- Date: 6–12 March
- Edition: 5th
- Surface: Clay
- Location: Antalya, Turkey

Champions

Singles
- Fábián Marozsán

Doubles
- Filip Bergevi / Petros Tsitsipas
| Antalya Challenger |

= 2023 Antalya Challenger =

The 2023 Antalya Challenger was a professional tennis tournament played on clay courts. It was the fifth edition of the tournament which was part of the 2023 ATP Challenger Tour. It took place in Antalya, Turkey between 6 and 12 March 2023.

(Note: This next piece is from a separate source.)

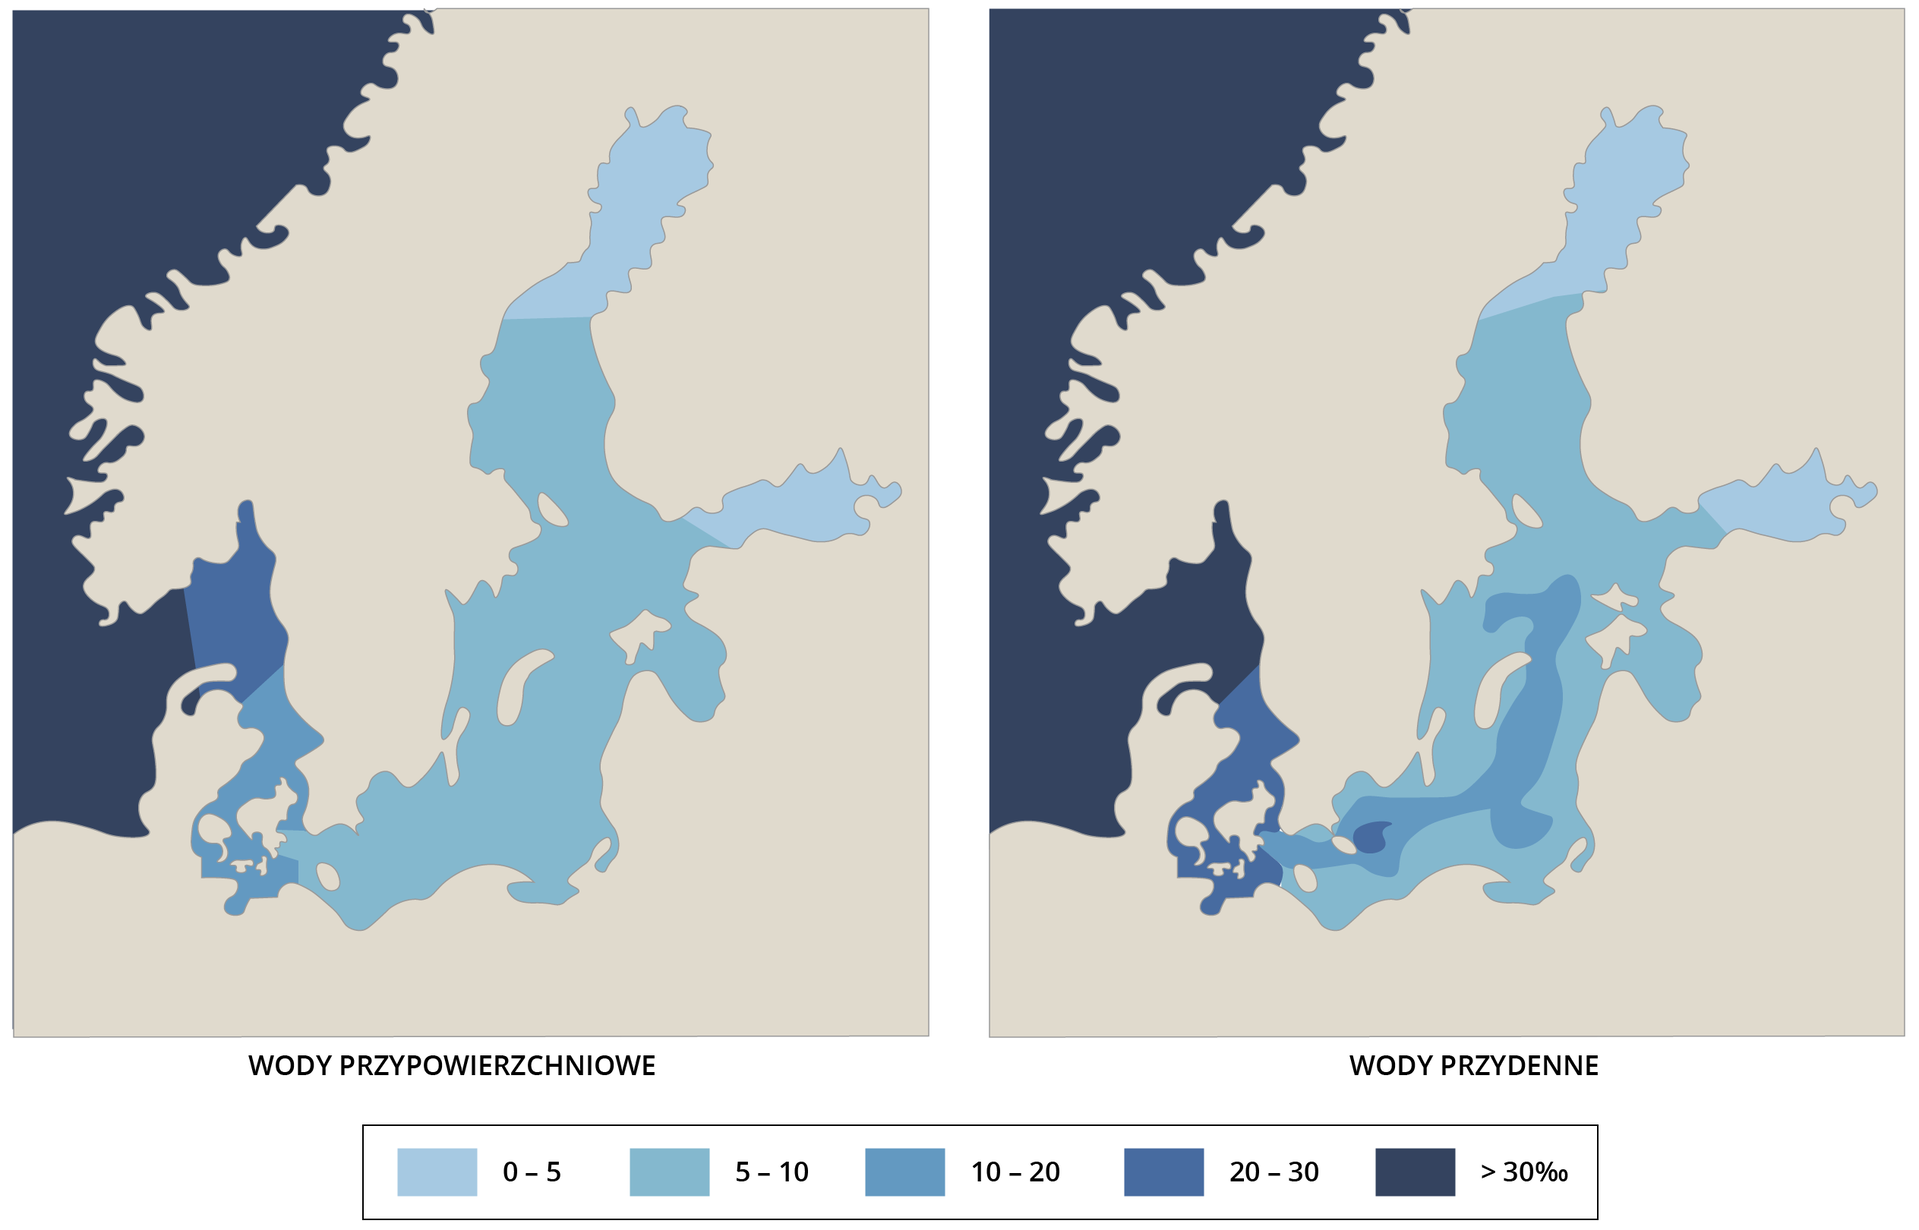 Na ilustracji są dwie mapy Morza Bałtyckiego. Prezentują zasolenie. Na pierwszej mapie pokazano wody przypowierzchniowe. Na drugiej przydenne. Zasolenie wód przypowierzchniowych rzędu od 0 do 5 jest w północnej części Zatoki Botnickiej oraz we wschodniej części Zatoki Fińskiej. Zasolenie rzędu 5-10 promili obejmuje wiekszą część Bałtyku. Zasolenie od 10 do 20 promili występuje w rejonie Kattegatu, a zasolenie rzędu 20-30 promili w rejonie Skattegatu. Morze Norweskie ma zasolenie powyżej 30 promili. W przypadku wód przydennych zasolenie rzędu 0-5 promili to północna część Zatoki Botnickiej i wschodnia część Zatoki Fińskiej. Centralna część Bałtyku właściwego ma zasolenie 10-20 promili. W pobliżu Bornholmu i w cieśninie Kattegat jest zasolenie rzędu 20-30 promili. W cieśninie Skagerrak jest zasolenie powyżej 30 promili. Pozostałe wody Bałtyku maja zasolenie 10-20 promili.

==Singles main-draw entrants==
===Seeds===

| Country | Player | Rank^{1} | Seed |
|---|---|---|---|
| AUT | Sebastian Ofner | 158 | 1 |
| HUN | Fábián Marozsán | 161 | 2 |
| ITA | Flavio Cobolli | 166 | 3 |
| CZE | Vít Kopřiva | 168 | 4 |
| CZE | Zdeněk Kolář | 174 | 5 |
| BIH | Damir Džumhur | 206 | 6 |
| AUS | Li Tu | 209 | 7 |
| ROU | Nicholas David Ionel | 222 | 8 |

- ^{1} Rankings as of 27 February 2023.

===Other entrants===
The following players received wildcards into the singles main draw:
- TUR Yankı Erel
- LTU Vilius Gaubas
- TUR Ergi Kırkın

The following players received entry from the qualifying draw:
- BIH Mirza Bašić
- ITA Salvatore Caruso
- FRA Mathys Erhard
- ITA Gianmarco Ferrari
- AUT Gerald Melzer
- ITA Stefano Travaglia

The following player received entry as a lucky loser:
- AUT Lukas Neumayer

==Champions==
===Singles===

- HUN Fábián Marozsán def. AUT Sebastian Ofner 7–5, 6–0.

===Doubles===

- SWE Filip Bergevi / GRE Petros Tsitsipas def. TUR Sarp Ağabigün / TUR Ergi Kırkın 6–2, 6–4.